The escalation of consumer inflation has forced many Americans, especially those on lower or fixed incomes, to reduce their spending on things like driving and shopping for groceries. Among them is Patti Blackman, who said she drove to fewer sporting events for her grandchildren after gasoline jumped to $ 5.89 in Las Vegas, where she lives.

To save money, the 68-year-old Blackmon has also not visited her hairdresser for 18 months. And she is reconsidering her plan to drive this summer to visit relatives in Arkansas.

She was shocked recently, she said, when she saw half a gallon of organic milk reach $ 6.

“Sacred cow!” she thought. “How do parents give milk to their children?”

Blackmon cut the meat and “steak is almost impossible to talk about.” Instead, she eats more salads and canned soups.

In addition to financial tensions for households, inflation poses a serious political problem for President Joe Biden and Democrats in Congress in the mid-election season, with Republicans claiming Biden’s $ 1.9 trillion financial support package overheated the economy last March, flooding it with incentives, increased unemployment benefits and tax credit payments for children.

On Tuesday, Biden tried to take the lead, declaring inflation “the number one problem facing families today” and “my top domestic priority.”

Biden blamed chronic supply chain problems related to the rapid economic recovery from the pandemic, as well as Russia’s invasion of Ukraine, to fuel inflation.
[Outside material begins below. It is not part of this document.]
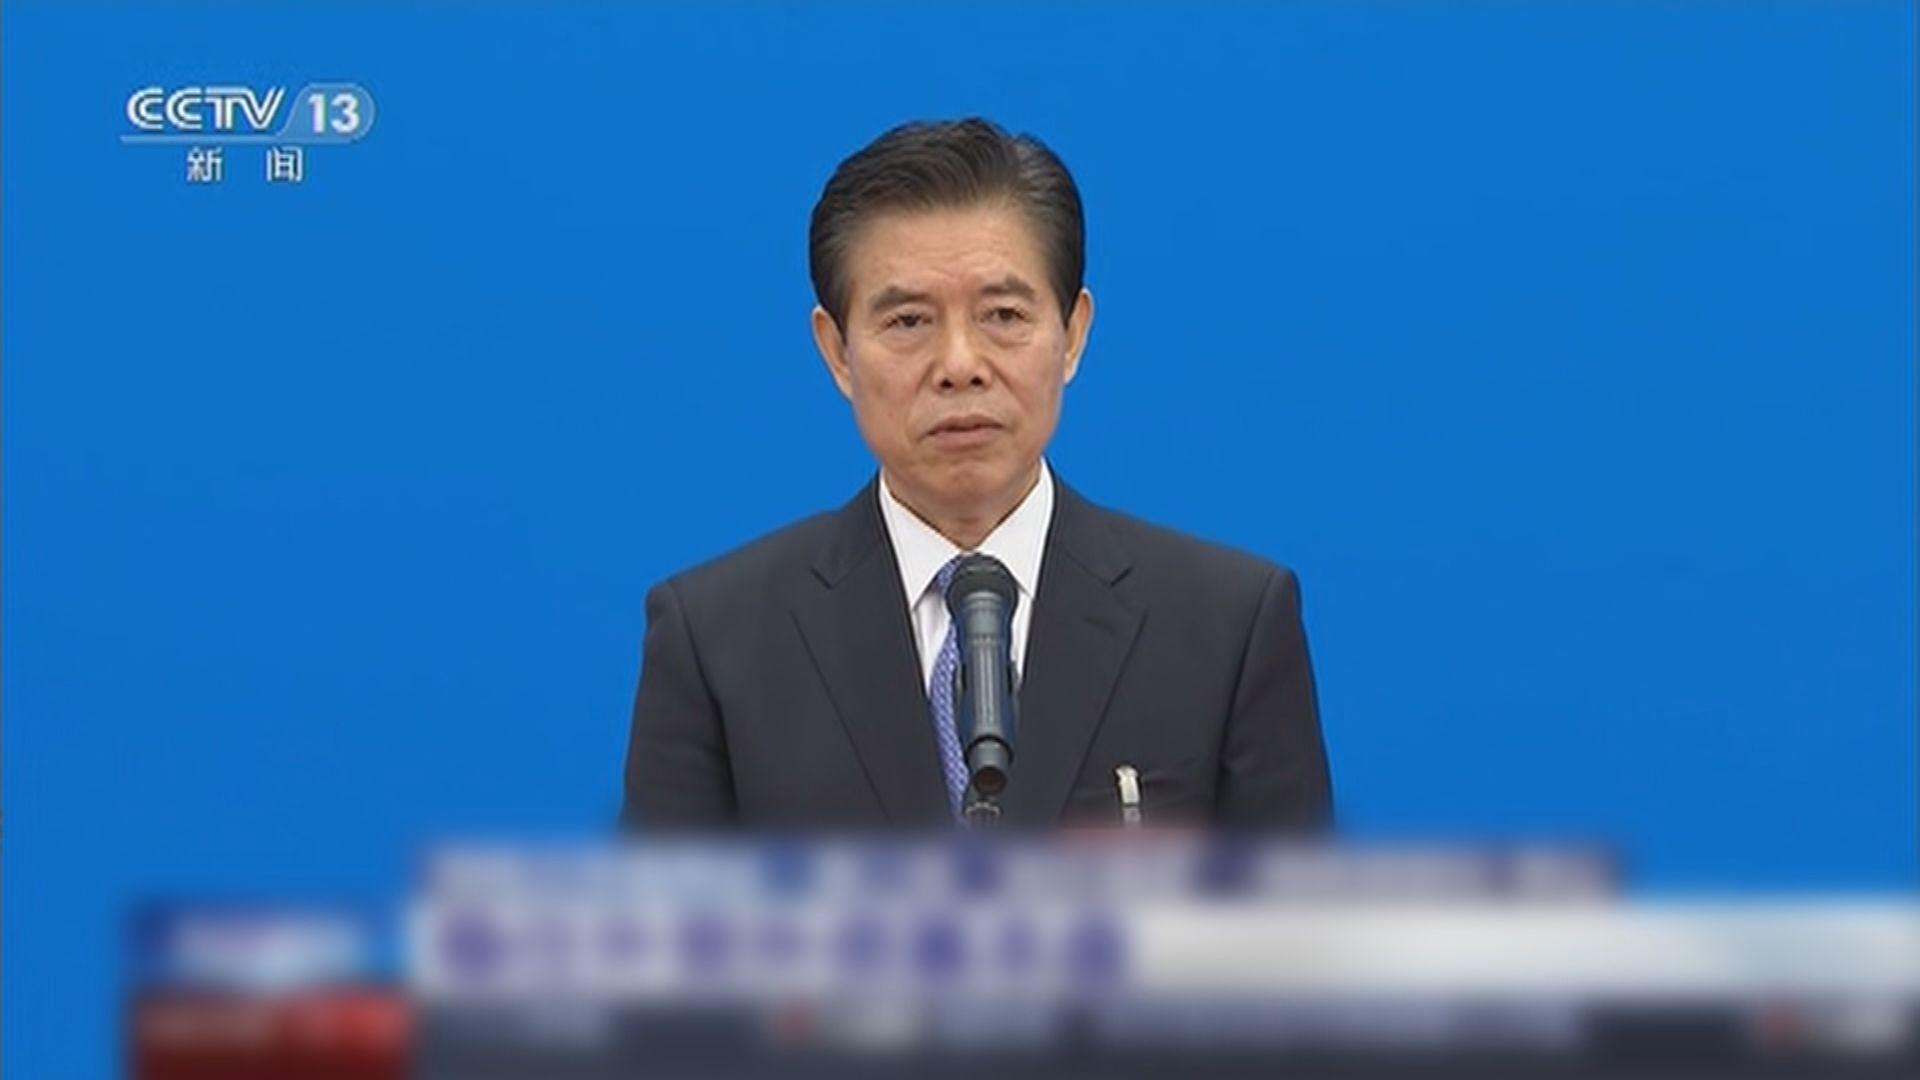 鍾山:中國對澳洲大麥徵稅決定是慎重克制

He said his administration would help ease price increases by narrowing the government’s budget deficit and fostering competition in industries such as meat packages, which are dominated by several industrial giants.

However, new disturbances abroad or other unforeseen problems can always bring inflation back to new heights in the United States. For example, if the European Union decides to suspend Russian oil, gas prices in the United States are likely to accelerate. COVID’s severe blockades in China exacerbate supply problems and damage the growth of the world’s second-largest economy.

Jose Torres, a senior economist at Interactive Brokers, noted that China’s weakening economy has reduced demand for oil. If China eases its blockades later this year and drives more people, world oil prices could rise and further inflate US gas prices.

Previous signs that inflation in the United States may be at its peak have not continued. The rise in prices slowed last August and September, suggesting at the time that higher inflation could be temporary, as many economists and Federal Reserve officials have suggested. But prices rose again in October, prompting Fed Chairman Jerome Powell to begin changing his policy toward higher interest rates.

While food and energy have seen some of the worst price spikes in the past year, analysts often look at the key figure to get a picture of core inflation. Core inflation also tends to rise more slowly than overall price increases and may take longer to decline. Rents, for example, are rising at a historically rapid pace, and there is no sign that this trend will reverse any time soon.

The unexpected rise in high inflation has prompted the Fed to tackle what could become its fastest series of 33-year interest rate hikes. Last week, the Fed raised its base short-term interest rate by half a point, its sharpest increase in two decades. And Powell signaled that there will be more such sharp increases in interest rates.

Powell’s Federal Reserve seeks to fulfill the notoriously difficult and risky task of cooling the economy enough to slow inflation without causing a recession. Economists say such a result is possible, but unlikely with such high inflation.

Meanwhile, according to some indicators, the salaries of Americans are rising at the fastest pace in 20 years. Higher pay allows more people to at least partially cope with higher prices. But employers usually respond by charging customers more to cover their higher labor costs, which in turn increases inflationary pressures.

Last Friday’s April job report includes hourly wage figures, suggesting that wage growth is slowing, which, if continued, could help ease inflation this year.